As shown in Table 3, the average sensitivity of RankCompV2 was only 56.10% for DEGs with FC of 1.5 and up to 98.84% with FC of 3.5, which suggested that RankCompV2 performed well for DEGs with large expression changes. In general, RankCompV2 showed a very high specificity and a very low FDR when the FC level increased from 1.5 to 3.5. Notably, the FDR of edgeR rises as the FC level increases. The underlying reason is as follows. When up-regulated DEGs with a larger FC level was introduced in the simulation, it leads to a bigger global transcriptome size of a tumor cell than that of a normal cell, as shown by the decreased transcriptome size factor (Table 3), the ratio between the normal transcriptome size and the simulated tumor cell size. The edgeR algorithm identifies DEGs through comparing the read counts of a gene between the two samples. Given the same amount of total input RNA for the two samples, many genes without differences in mRNA absolute abundances would have lower read counts in the tumor sample than in the normal sample, thus be identified as down-regulated genes, which leads to a higher FDR of edgeR if taking DEGs with absolute mRNA abundance changes as the reference.
We also performed a simulation experiment on the genome size changes leading to the global transcriptome size variations. The simulation experiment also demonstrated that RankCompV2 could identify genes with expression changes in absolute abundances and performed well for DEGs with large expression changes (Additional file 4).
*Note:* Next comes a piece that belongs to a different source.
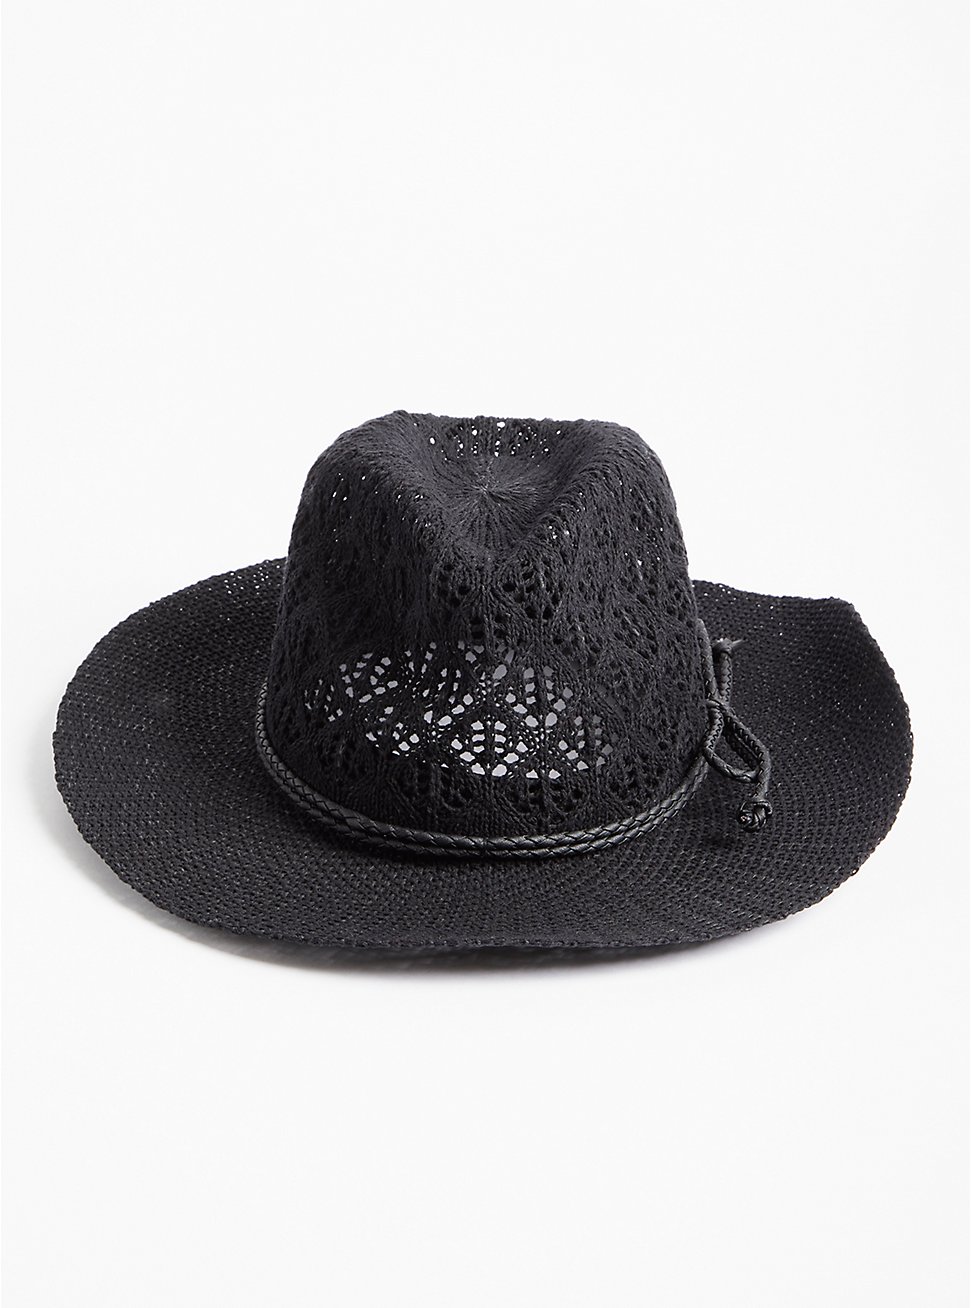 Plus Size Open Pattern Panama Hat - Black, BLACK, hi-res

Reproducible DEGs with changes in absolute mRNA abundances in ten cancers
We collected two datasets of gene expression profiles for each of ten cancer types (Table 1). For each dataset, we compared the DEGs between the normal and cancer samples identified by RankCompV2 with the DEGs identified by SAM for microarray data or by edgeR for RNA-sequencing data. In GSE57957 measured by microarray for liver hepatocellular carcinoma (LIHC), SAM identified 11,497 DEGs with false discovery rate (FDR) < 0.05, which included 3603 of the 3715 RankCompV2 DEGs. In GSE45267 for LIHC, the 14,192 DEGs selected by SAM included 4712 of the 4728 DEGs detected by RankCompV2. The concordance scores of the dysregulation directions of the overlaps between DEGs detected by RankCompV2 and DEGs detected by SAM in the two datasets were all 100%. Similar results were observed in the 18 datasets for other nine cancer types (Fig. 1a and Additional file 5: Table S2). As expected, POG21 is lower than POG12 because the DEGs identified by RankCompV2 should be included in the DEGs identified by SAM or edgeR. The results confirmed the above mathematical reasoning, which also provided circumstantial evidence of the high accuracy of the RankCompV2 method.
The DEGs identified by RankCompV2 were highly reproducible in independent datasets. For LIHC, RankCompV2 identified 3715 DEGs from the GSE57957 dataset and 51.71% of them were included in the 4728 DEGs detected from the GSE45267 dataset. The concordance score of the overlapped 1946 DEGs was 98.72% which was unlikely to be observed by chance (binomial test, p < 1.0E-16). The highly reproducibility of RankCompV2 DEGs identified from independent datasets were also observed in the other nine cancer types (Fig. 1b).
Enrichment of cancer driver genes and drug targets in DEGs with absolute abundance changes
For each cancer type, the two lists of DEGs identified from the two datasets by SAM for the microarray data or by edgeR for the RNA-sequencing data were combined, excluding those with contradictory dysregulation directions. Similar combination processes were performed on DEGs selected by RankCompV2. The DEGs identified by RankCompV2, with expression change in both mRNA concentration and absolute abundances, were termed as absolute DEGs, while the DEGs solely detected by SAM or edgeR were termed as relative DEGs with changes in concentration only. The numbers of the absolute DEGs and relative DEGs for the ten cancer types were listed in Table 4. Then, we explored the biological significance of the absolute DEGs.
With the 616 cancer driver genes downloaded from the Catalogue Of Somatic Mutations (COSMIC, version81, updated 9th May 2017) database , we found 25.79% of the 6472 absolute DEGs of LIHC overlapped or directly interacted with known cancer driver genes based on the protein–protein interaction data downloaded from the STRING v10 database , which was significantly higher than the corresponding ratio (18.35%) for the 12,049 relative DEGs (Fisher’s exact test, p < 1.0E-16). Similar results were observed for the remained nine cancer types (Fig. 2a). Based on the cancer driver genes downloaded from the DriverDBv2 database , where the driver genes for each cancer type were identified by at least two algorithms from the mutation data in the TCGA database, we also observed significantly higher ratios of cancer driver genes and interaction genes in the absolute DEGs than in the relative DEGs for all the ten cancer types (Fig. 2b). The results indicate that DEGs changing in absolute abundances are more likely to be related with upstream events of carcinogenesis than DEGs changing in concentration only.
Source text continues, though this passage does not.